Let's start with a refresher. Unhappy with the partnership between the United States, a NATO ally, and the People's Protection Units (YPG), the terrorist organization PKK's Syrian branch, Turkey launched Operation Olive Branch on Jan. 20 to secure its southern border and prevent terror attacks against its citizens. The military incursion in Afrin has been underway for more than four weeks, during which over 2,300 terrorists were killed and the Turkish-backed forces claimed a 500-square-kilometer area. The residential areas liberated over the past month include Rajo, one of Afrin's largest urban centers. The Rajo offensive, which was completed within hours and zero civilian casualties, showcased the Turkish military's operational capabilities.
As the Turkish Armed Forces (TSK) and the Free Syrian Army (FSA) marched toward the heart of Afrin, Turkey announced that it was going to target Manbij next - which further strained the country's relations with the U.S. Currently, U.S. forces are stationed in Manbij, where they shelter YPG terrorists. In recent weeks, U.S. officials repeatedly called on Turkey to limit the scope of Operation Olive Branch and hinted that a Turkish offensive against Manbij was not welcome. Seeing that the Turkish government was committed to fighting terrorism next door, however, Washington tried to contact the Turks. Within days, U.S. Secretary of Defense Jim Mattis held talks with his Turkish counterpart and Secretary of State Rex Tillerson traveled to Ankara to meet President Recep Tayyip Erdoğan and Foreign Minister Mevlüt Çavuşoğlu.

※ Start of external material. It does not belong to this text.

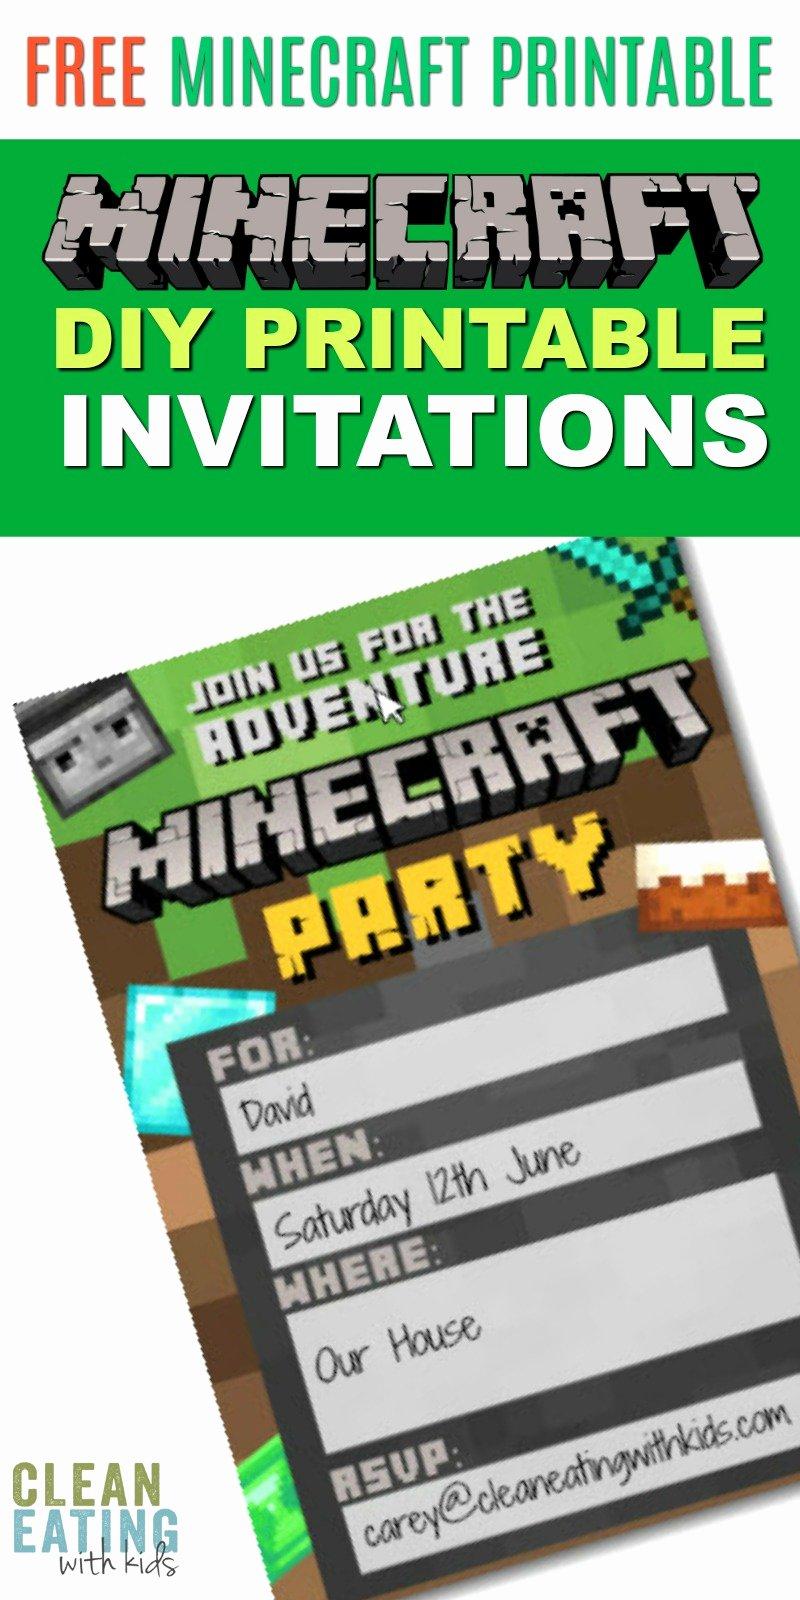 Minecraft Birthday Invite Templates Luxury Free Diy Printable Minecraft Birthday Invitation Clean

Washington's diplomatic push served two purposes: First, to maintain contact with Turkey, which changed the balance of power in Syria by launching Operation Olive Branch and, ideally, influence operational decisions. Secondly, to win back the Turks, who were pushed toward partnership with Russia by Washington's misguided Syria policy.
According to sources, Turkish officials told Tillerson in no uncertain terms that the terrorist organization's presence in Manbij would be eliminated by all means. However, the Turks made Washington a fair offer, whereby the U.S. would ensure the YPG's withdrawal from the area and Manbij would come under the joint protection of Turkey, the U.S. and the FSA. Possibly surprised by the Turkish proposal, Tillerson reportedly failed to respond immediately. Speaking to reporters after the meeting, he recalled that Manbij was a strategically important area for the U.S. and added that Washington would like its allies to control it.
It would appear, however, that Tillerson spent some time thinking about Turkey's proposal. It remains unclear whether Washington has already responded to the Turks, but there are some strong signs indicating where the U.S. will land.
On Thursday, a senior U.S. diplomat had a meeting with some Turkish journalists. I was not present at this meeting, but I was able to obtain some information from my colleagues who participated.
Apparently, the U.S. diplomat sent some very positive messages to Turkey at the meeting. They reiterated the point that Washington's partnership with the YPG was purely tactical and added that the U.S. will cut support as soon as the fight against Daesh is over. "We don't refer to the YPG as our allies, because our ally is Turkey," they added. Finally, an important statement was made about Manbij.
According to my sources, Washington's new position in Manbij is as follows:
"We are committed to promises made earlier to Turkey regarding the YPG presence in Manbij. Certain security measures must be taken in Manbij, which has a large population. Somebody needs to ensure its safety. Our intention is that it's not the YPG that does it."
Needless to say, the U.S. official seems to have made an indirect reference to the Turkish proposal. All the Americans need to do now is to take some concrete steps.